16. The method as recited in claim 10, wherein said mesenchymal stem cell populations are contacted with a biological agent, and wherein said biological agent is a trophic factor selected from the group consisting of brain-derived neurotrophic factor (BDNF), ciliary neurotrophic factor (CNTF), and glial-derived neurotrophic factor (GDNF).

17. The method as recited in claim 10, wherein said mesenchymal stem cell populations are contacted with a biological agent, and wherein said biological agent is a regulatory factor selected from the group consisting of phorbol 12-myristate 13-acetate, stauroporine, CGF-41251, tyrphostin, compounds which interfere with activation of the c-fos pathway, compounds which suppress tyrosine kinase activation, and heparan sulfate.

18. The method as recited in claim 10, wherein said mesenchymal stem cell populations are contacted with a biological agent, and wherein said biological agent is a hormone selected from the group consisting of activin and thyrotropin releasing hormone (TRH).

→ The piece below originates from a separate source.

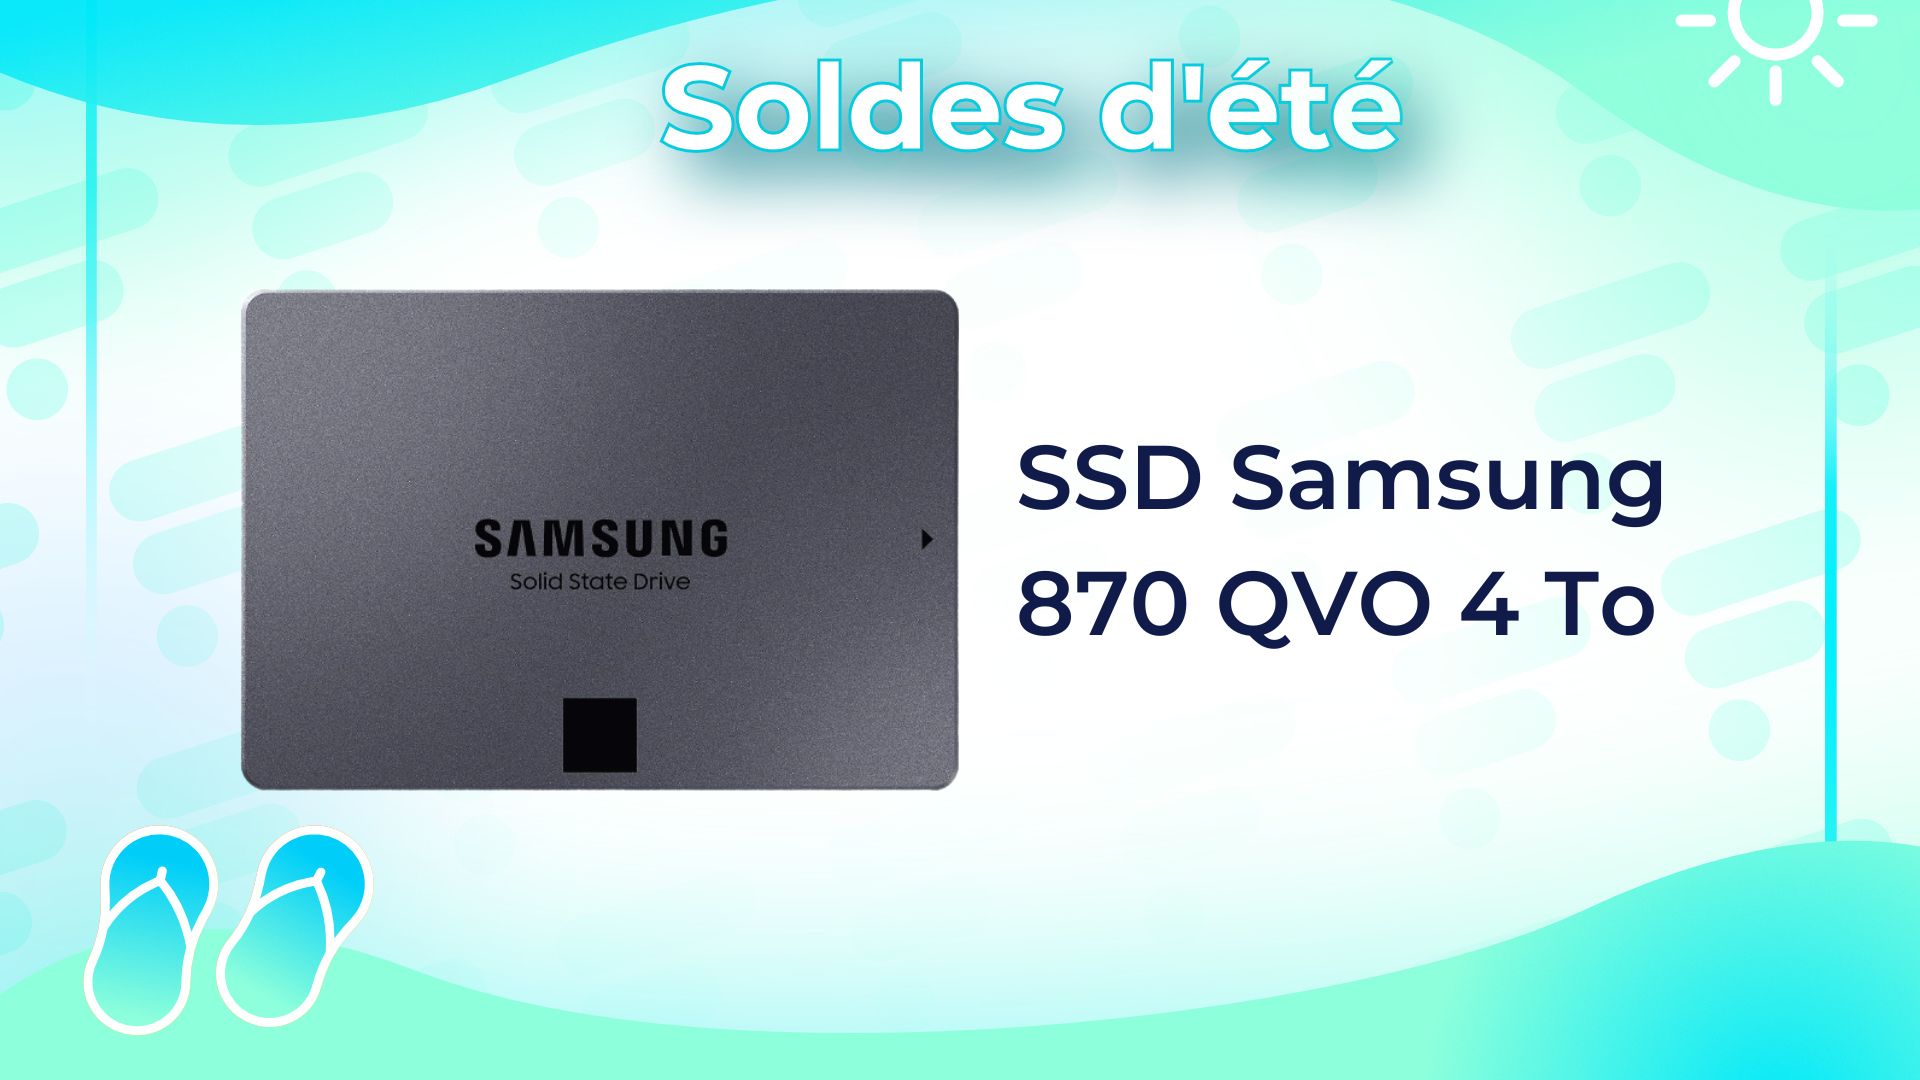 https://images.frandroid.com/wp-content/uploads/2023/06/ssd-samsung-870-qvo-4-to-soldes-ete-2023.jpg
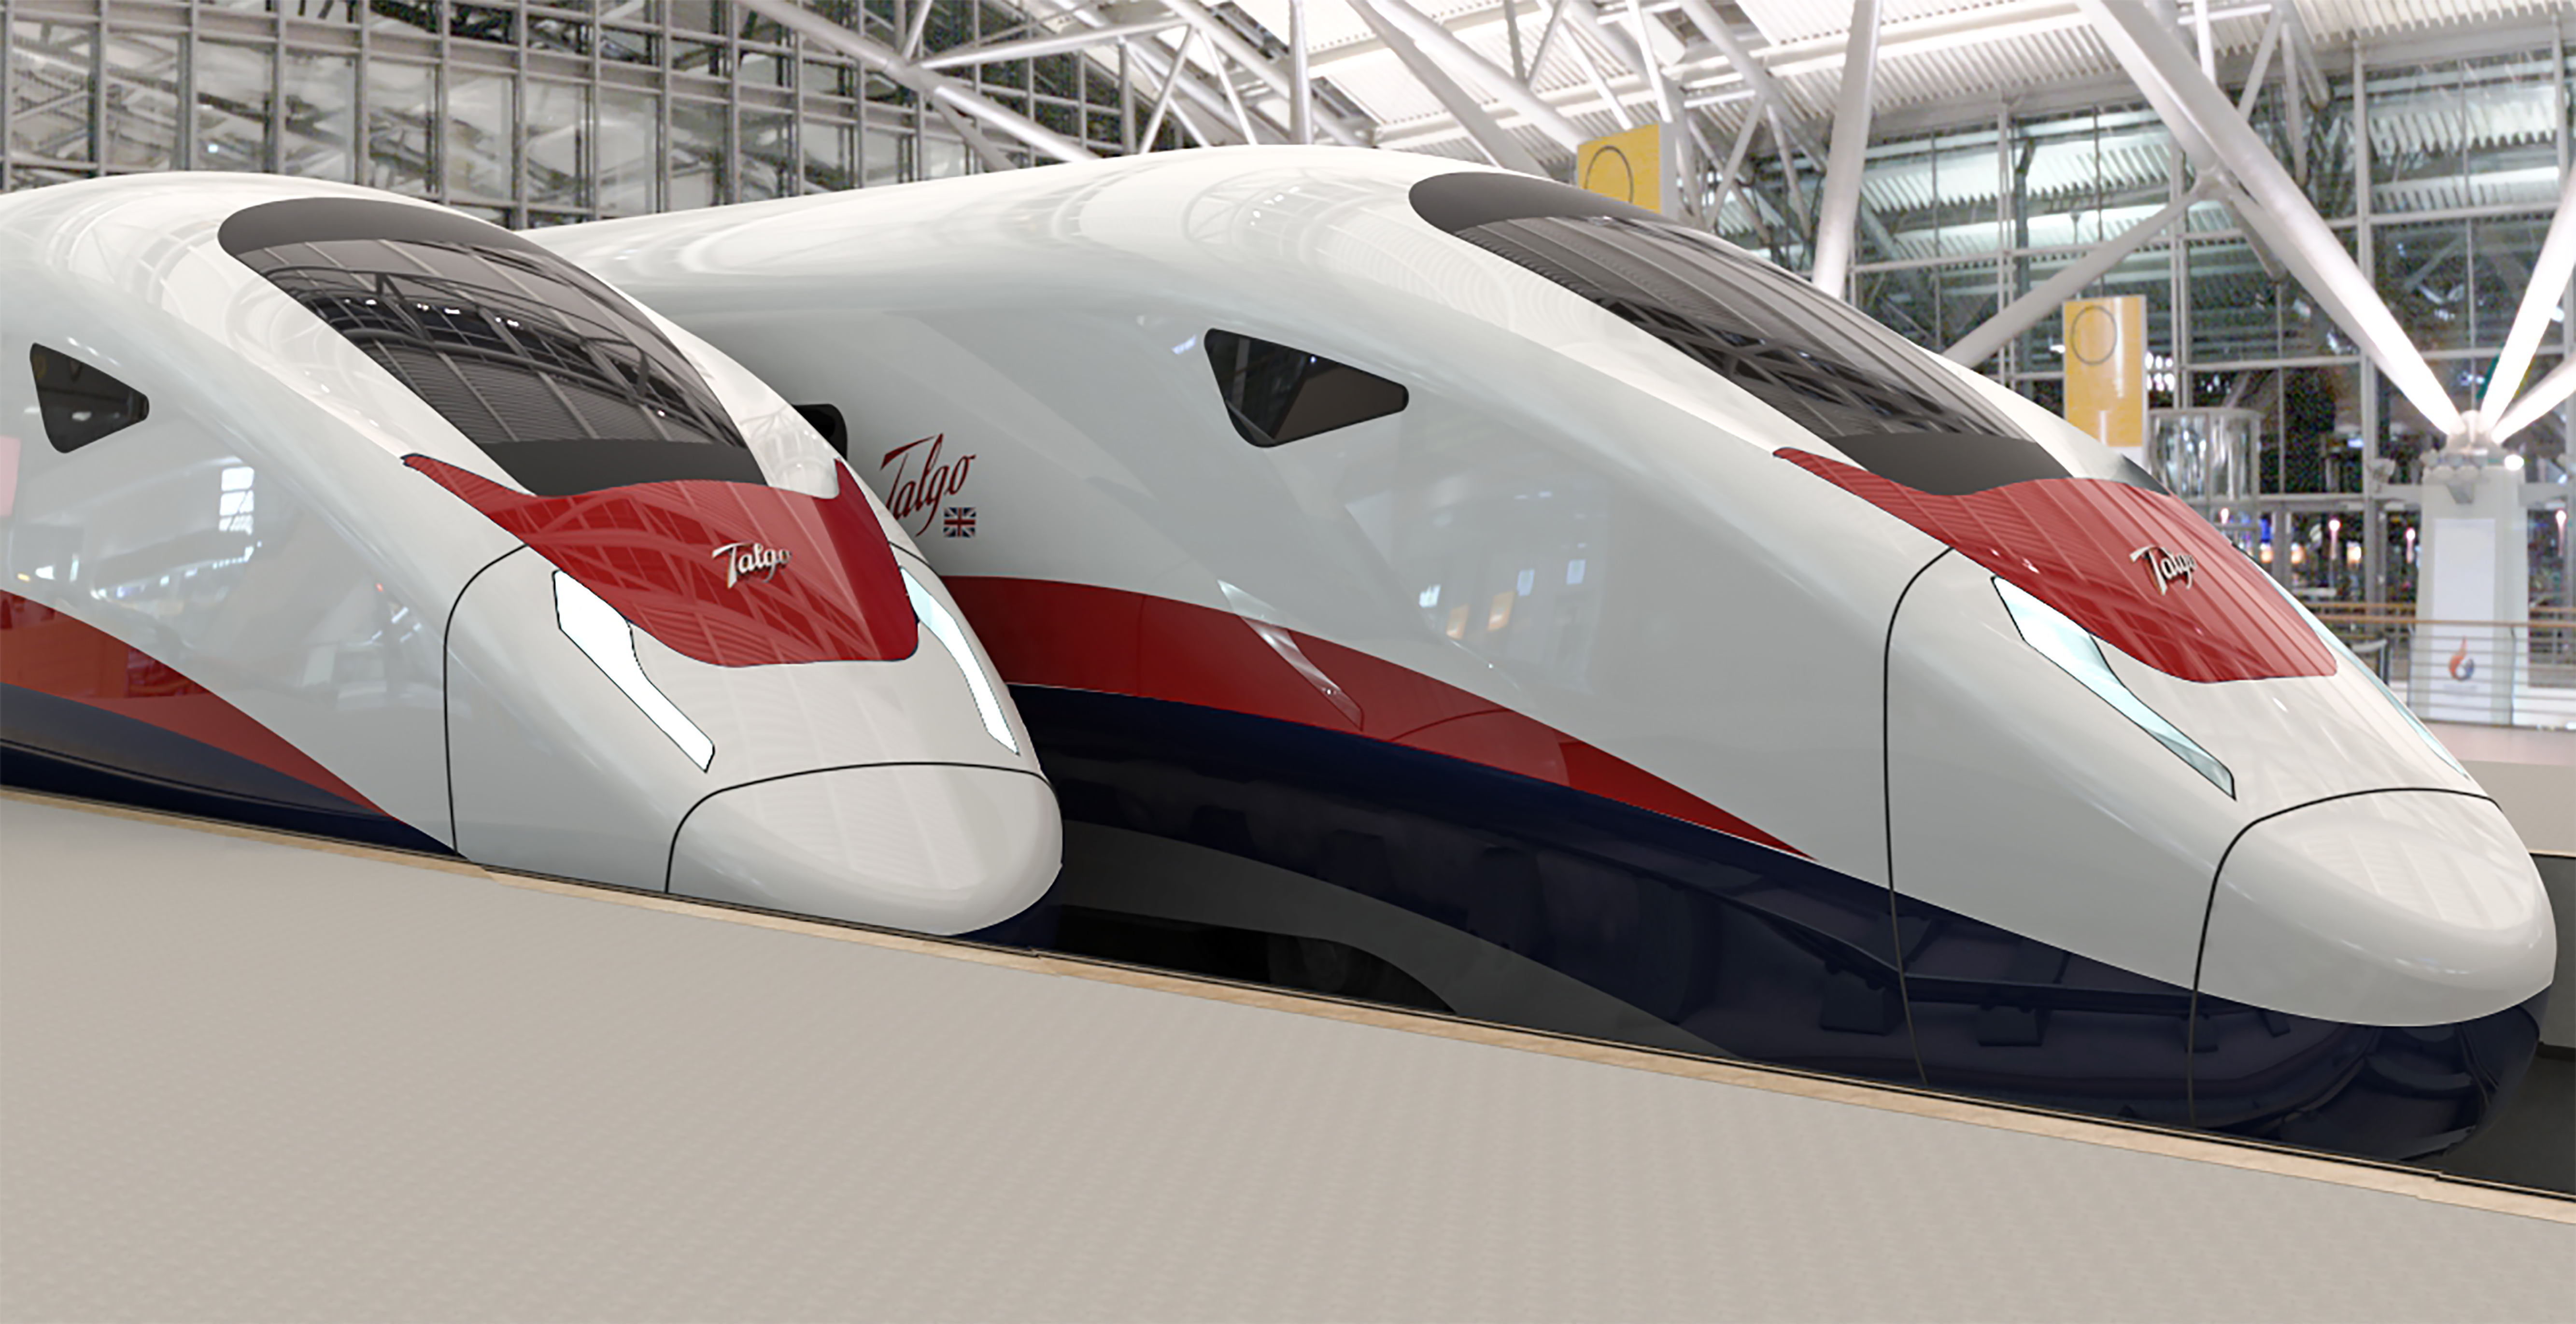 Talgo has selected Longannet for its factory site.

19. The method as recited in claim 10, wherein said mesenchymal stem cell populations are contacted with a biological agent, and wherein said biological agent is a macrophage inflammatory protein (MIP) selected from the group consisting of MIP-1.alpha., MIP-1.beta., and MIP-2.

20. The method as recited in claim 10, wherein said mesenchymal stem cell populations are contacted with a biological agent, and wherein the effect of the biological agent on proliferation of the Mesenchymal Chondrosarcoma cell population is determined by observing changes in size or number of the multipotent neural stem cells.